Wednesday, September 07, 2022

Knowing the Liberal Arts

There are many ways to argue. One of them is not to argue at all. This seems to be William Michael's preferred method. Michael and I have been arguing about the definition of classical education (sort of), and whether anyone but him has any business talking about it. His preferred method for making his case seems to consist of making an assertion (e.g. that I don't know what classical education is) and then repeating it about five times, as if, through brute assertive force, he can conjure a sound argument. This is a curious thing to see in someone who claims the exclusive right to talk about the liberal arts, since one of the liberal arts is dialectic (in its most general sense to include the arts of argumentation), the art of discerning and making sound arguments and using them in a discussion. One would be tempted to conclude that, given his claimed expertise in all the arts, he would have mastered this one.

Since he has continually failed to state his case in as a logical manner, I have continually had to restate them in order to be able to make sense of them myself. Michael claims that I do not know what classical education is and so I therefore have no right to talk about it. This claim takes various forms.

The first form of his argument (if we can dignify it by that title) is to reduce the traditional definition of classical education that has prevailed for over 2,000 years to a very specific definition of his own, and then to ask whether the person understands classical education in this way. If he does not, then he does not know what classical education is and is advocating "fake classical education."

In a recent comment on my blog he wrote this:

Have you studied the classical Grammar or Varro, Priscian, Alvarez or Lily? Have you studied the six works of Aristotle's Organon? Have you studied the Rhetorical treatises of Aristotle and Cicero? Have you studied Nicomachus on Arithmetic? Euclid on Geometry? Boethius' work on Music? Ptolemy's Almagest?

In other words, classical education, which he narrowly defines as the study of the "classical liberal arts" (he talks as if the sciences are not a part of classical education, although the humanities seem to be a part of his own curriculum) necessarily consists in the study of certain specified primary texts. Michael makes a number of hidden assumptions in his case. His first is that there are certain texts one must know in order to know what that particular art is. The assumption here is very clear: If you have not studied these particular works, then you do know the relevant art.
Let's just take the case of the liberal art I know the most about: logic. Under his criteria, all those and only those who have studied Aristotle's Prior Analytics know logic. Now this assertion can quite easily be dispensed with by merely pointing out that there are people who have not read the Prior Analytics who know logic, and that there are people who have read the Prior Analytics who do not know logic (Michael himself seems to be included in this category).

Having studied Aristotle's Prior Analytics (part of his Organon) is neither necessary nor sufficient for knowing logic.

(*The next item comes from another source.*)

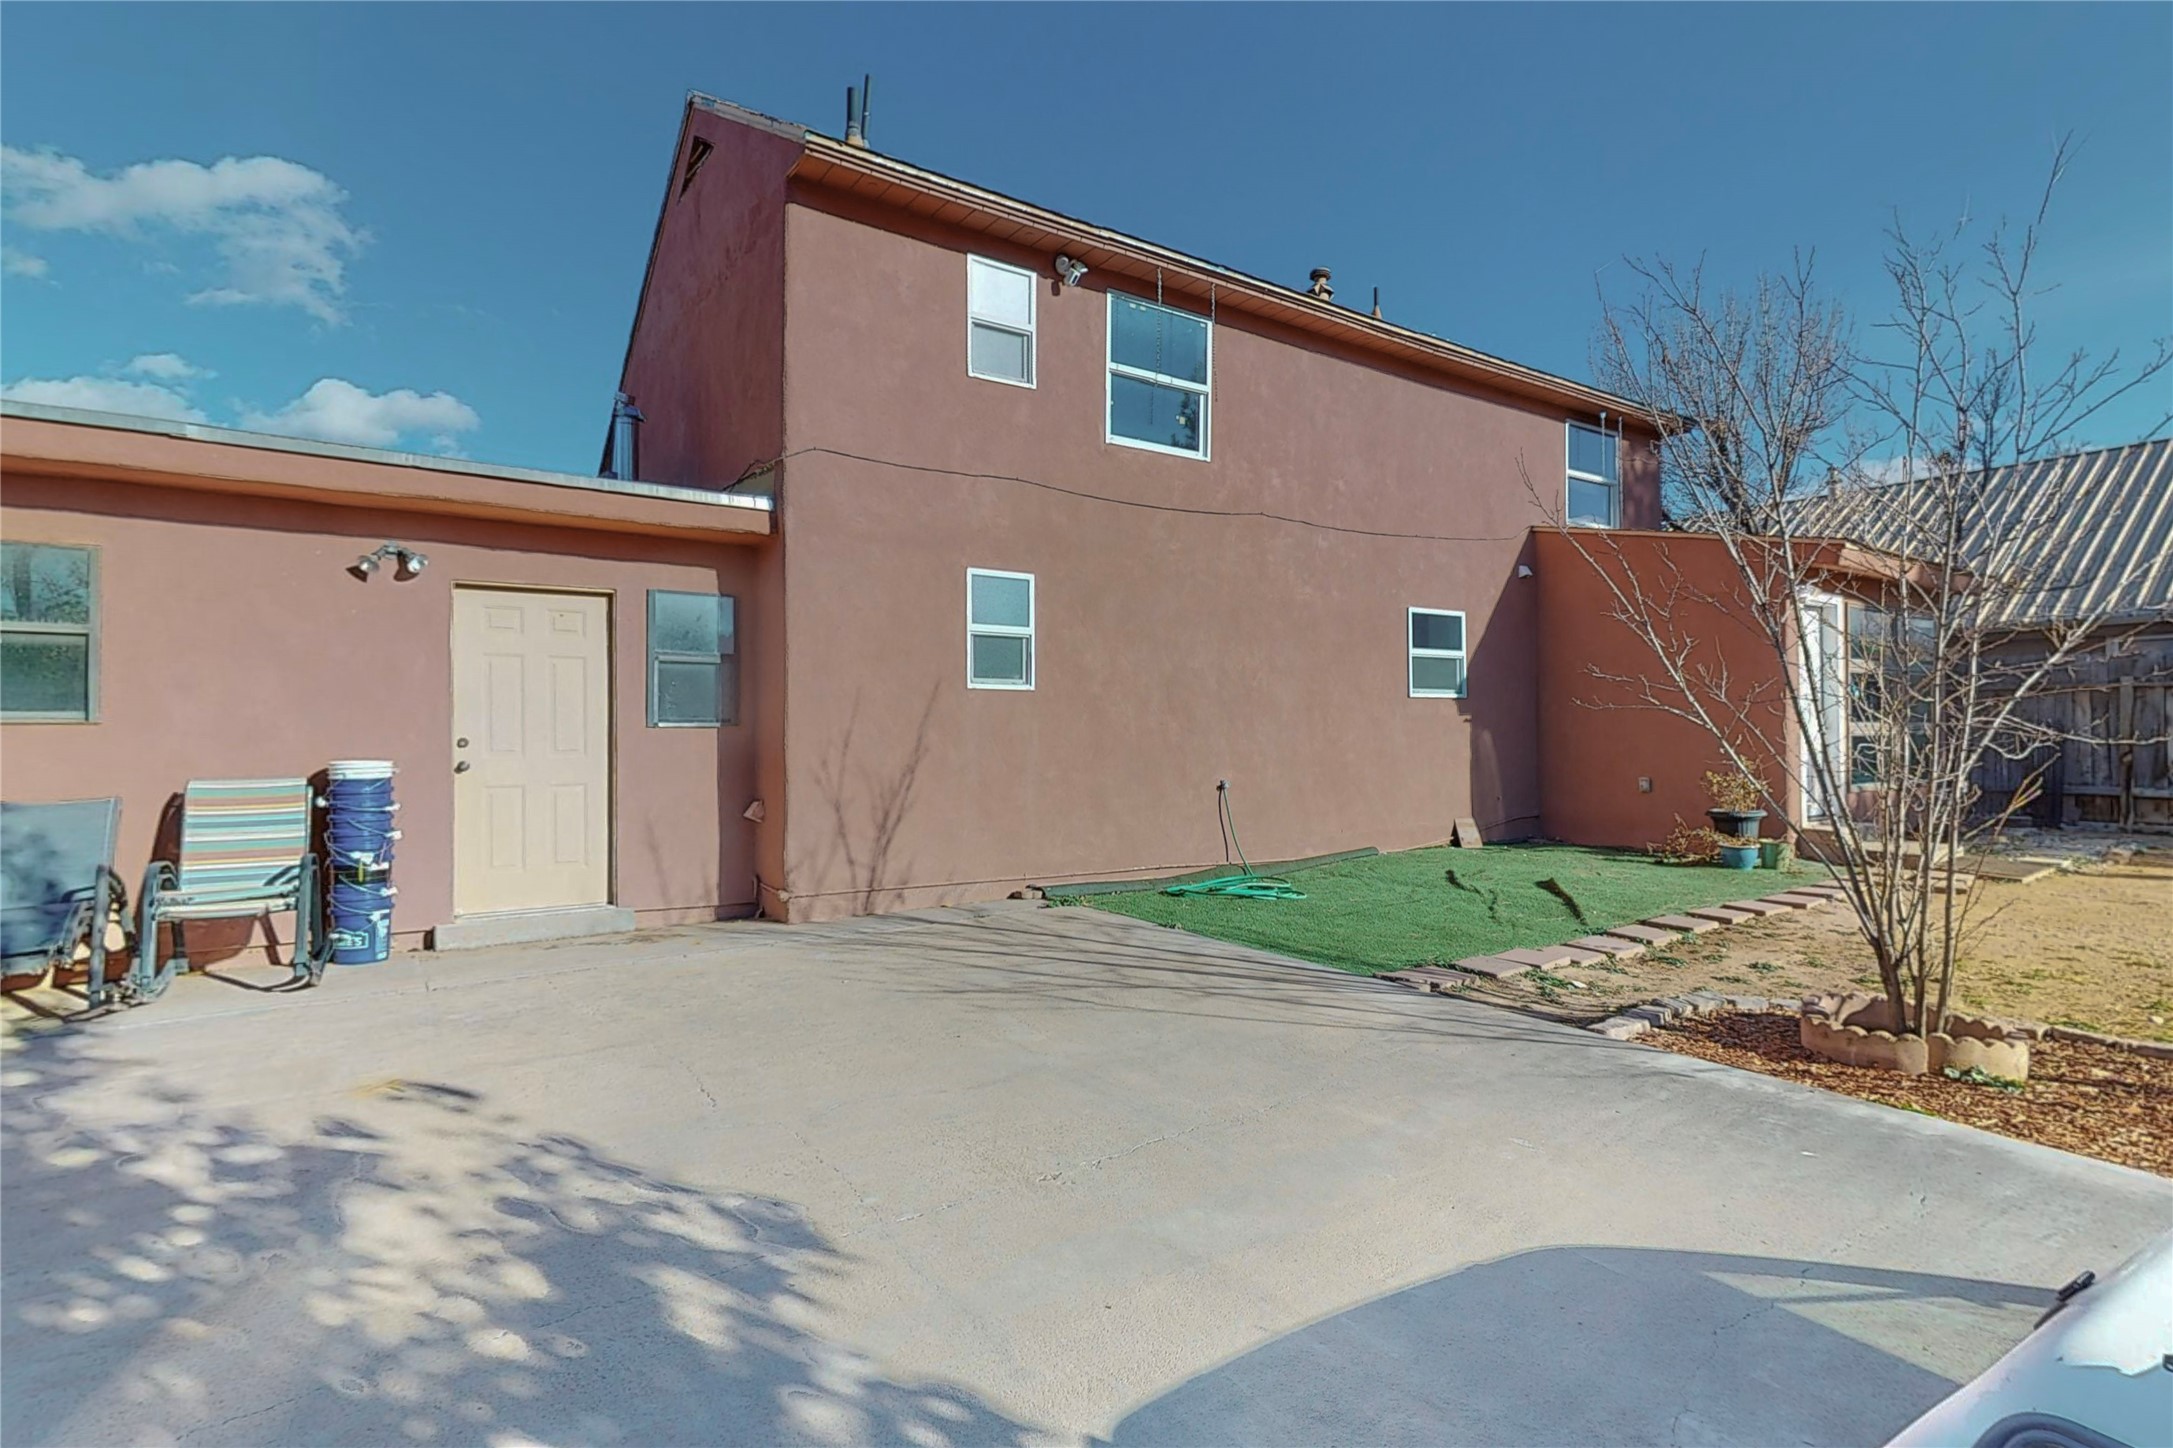 1062 Willow Way, Santa Fe, New Mexico 87507, 3 Bedrooms Bedrooms, ,2 BathroomsBathrooms,Residential,For Sale,1062 Willow Way,202233001

Being neither necessary nor sufficient, it cannot be considered a criterion for knowing logic.

The other relevant observation here is that no logic teacher in his right mind would study logic using the Prior Analytics as his text. In fact, I have never even heard of anyone who did this. According to Michael's reasoning this is exactly what should done, indeed the only thing one should do, since the purpose of logic instruction is an understanding (and facility) with logic, and the only way to get this understanding (and facility), he thinks, is by reading the Prior Analytics.

Now I know he will probably say that the Organon involves much more than merely the formal reasoning laid out in other works included in the Organon. Fine. The same is true of all of them, the material logic in the Posterior Analytics, the topoi in the Topics, and so on.

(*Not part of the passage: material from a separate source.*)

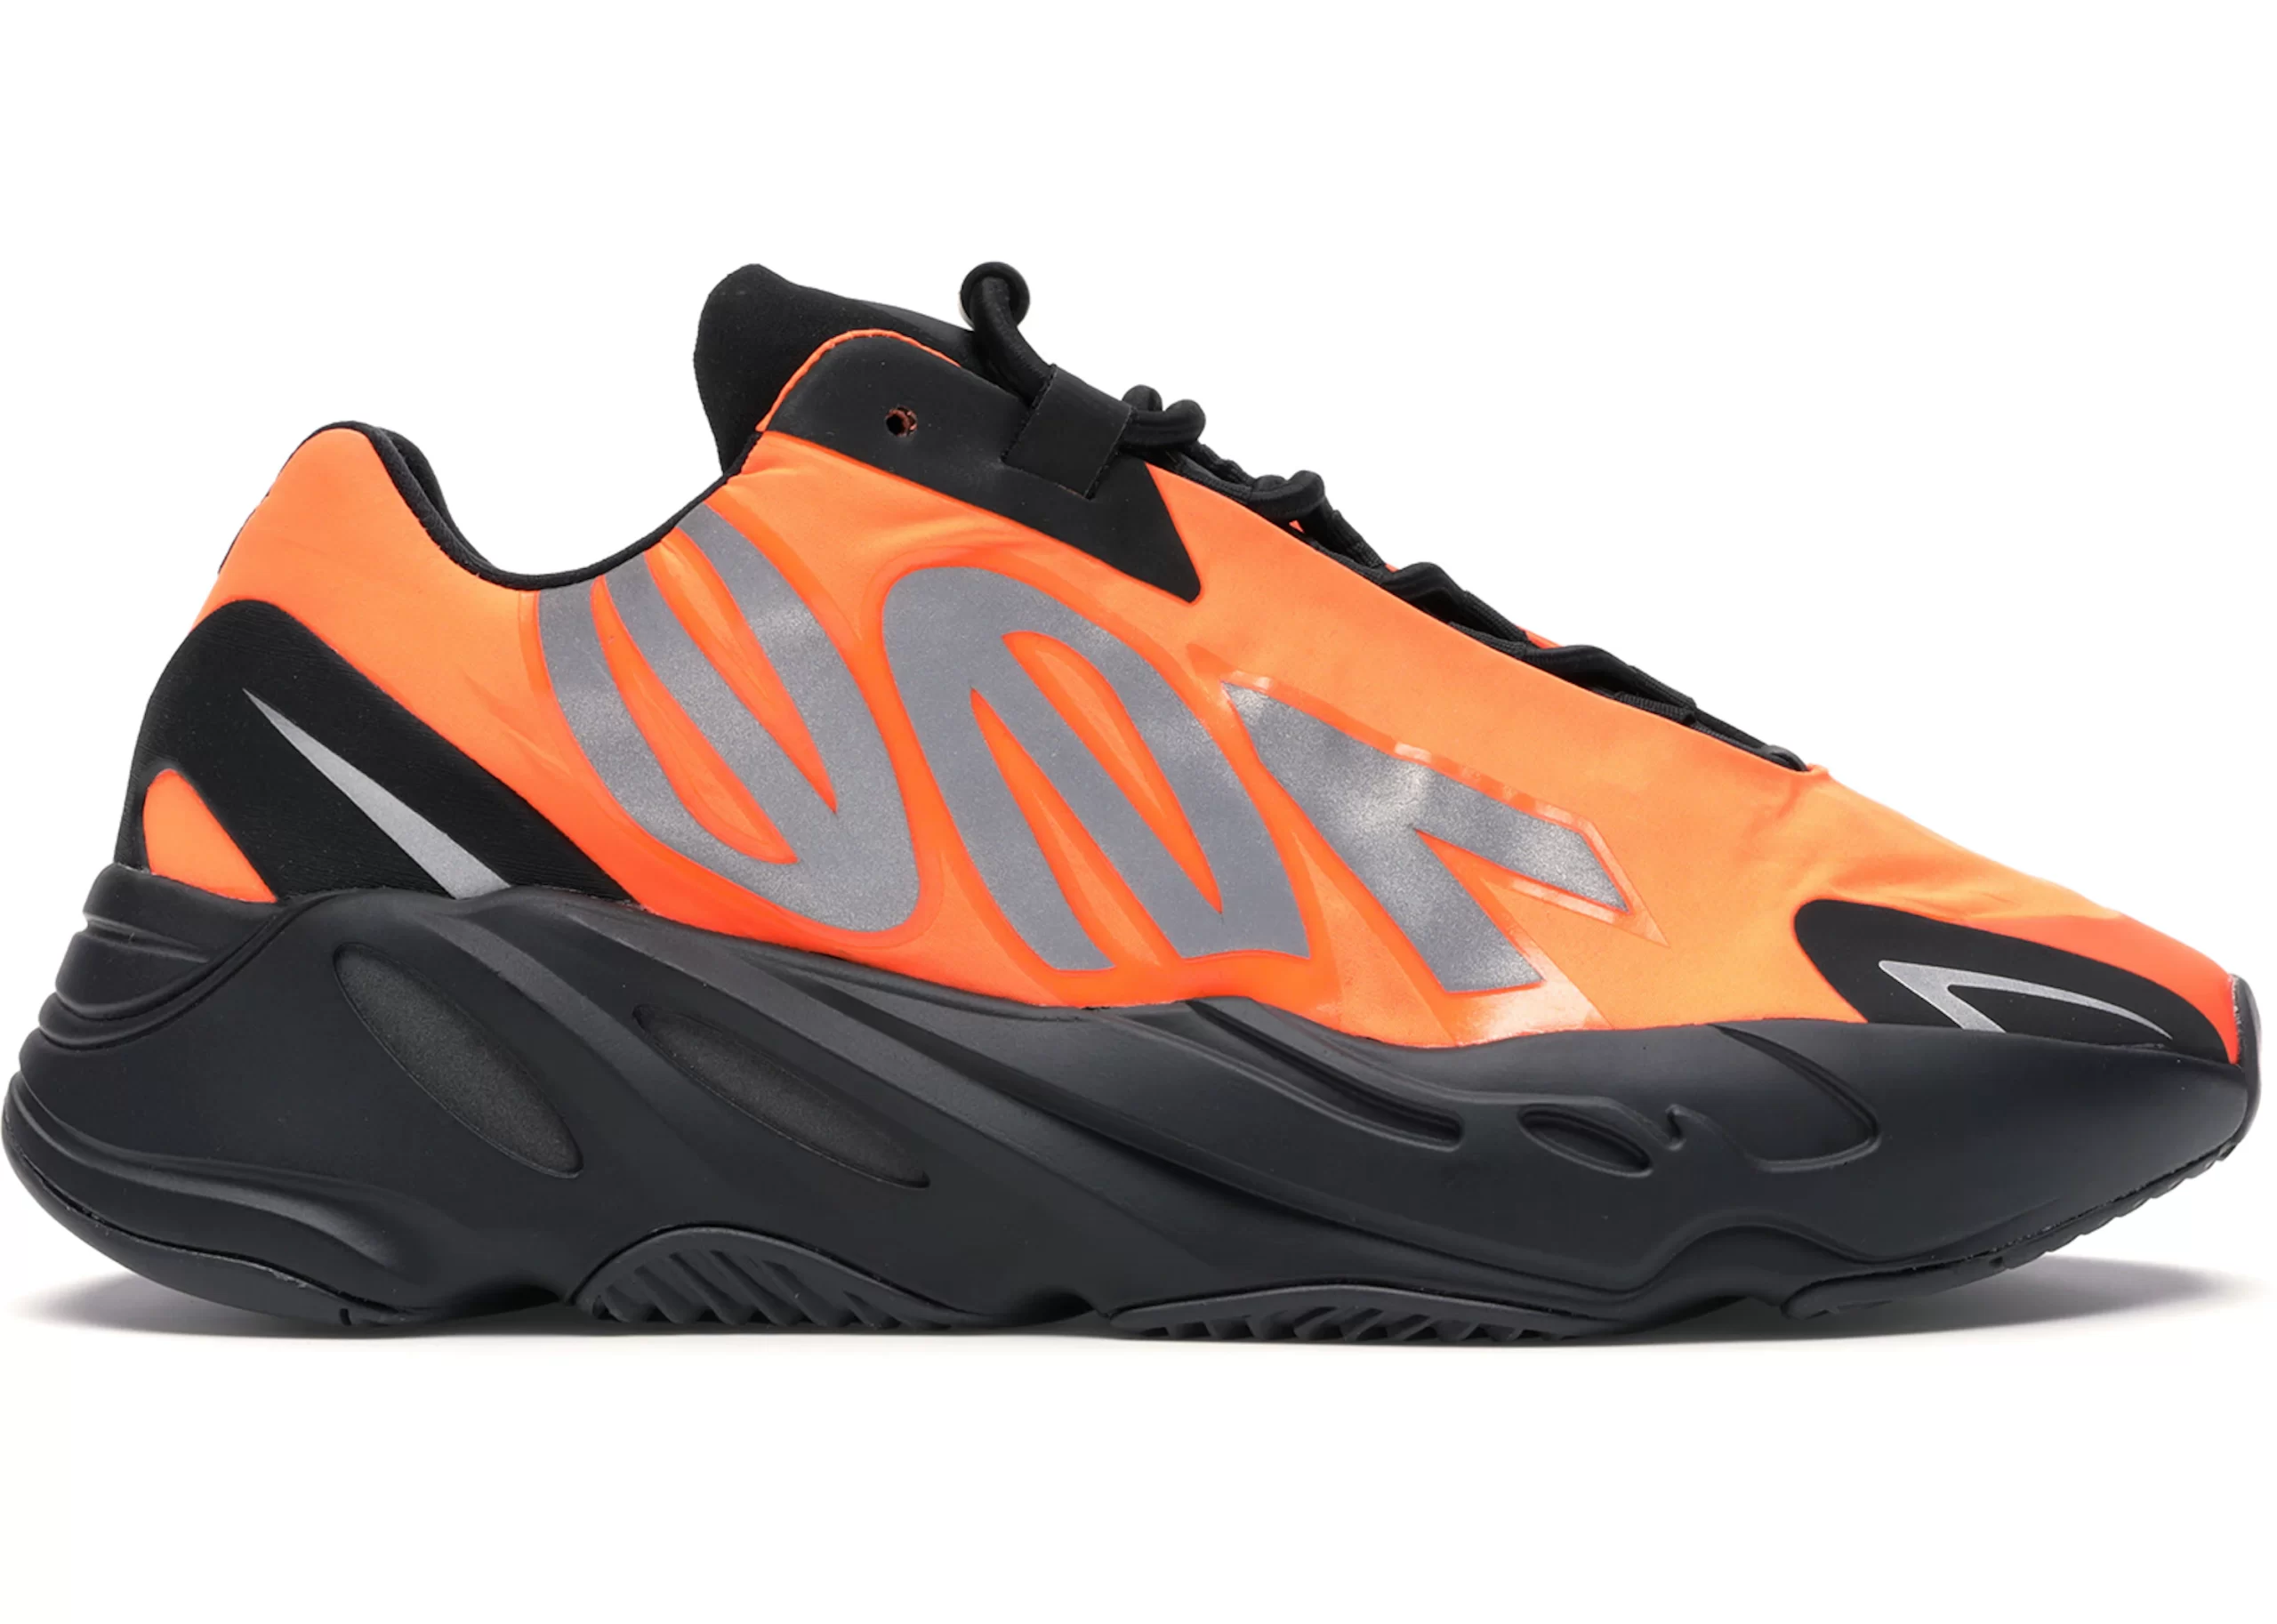 Adidas Yeezy Boost 700 Mnvn Orange

This is also true of his Rhetoric. I am a great lover of that work, and have written an instruction manual to help step students through it. But I would never say that it was either necessary or sufficient for knowing rhetoric.

And it is true in all the other liberal arts--Varro, Priscian, Alvarez, and Livy in grammar, Aristotle and Cicero in rhetoric, and Nichomacus, Euclid, Boethius, and Ptolemy in arithmetic, geometry, music and astronomy. None are necessary for an understanding of the relevant art. There are people who know these arts whose knowledge is based on primary sources other than these or on secondary sources. To say one must know these particular ones in order to know the subject is just archaism.

Again, if Michael wants to make a case for this, he's welcome to go right ahead. But, as I have observed, he avoids giving any evidence or laying out clear arguments for his positions. He relies on assertions to bear the entire burden of his reasoning.

I'd love to hear his argument that only by reading Nochomacus and Euclid can one know mathematics. My father used mathematics throughout his career as an engineer. He designed the propulsion system for the Nike Zeus missile, headed the payload processing program for the shuttle, was on several shuttle launch teams, headed the program that put the first three spy satellites in space, and was the sole author of the design specifications for the nuclear centrifuge. Some of this he did through the use of a slide rule.

I'm sure Michael could tell my father a thing or two about mathematics.

Is it either necessary or sufficient that one know Heroditus and Thucydides in order to know history? Or Homer and Virgil in order to know literature? Again, I love the works of all these authors, and I think they are very important to know, but to say that they are in some way essential to an understanding of the subjects they exemplify is just nonsensical.

I'll address next what is required to know the liberal arts. But for now let's just observe that Michael's argument (if we can call what he does as "argument") is entirely unconvincing.

1 comment:

Anonymous said...

A perfect example of reasoned argument at its best. Bravo!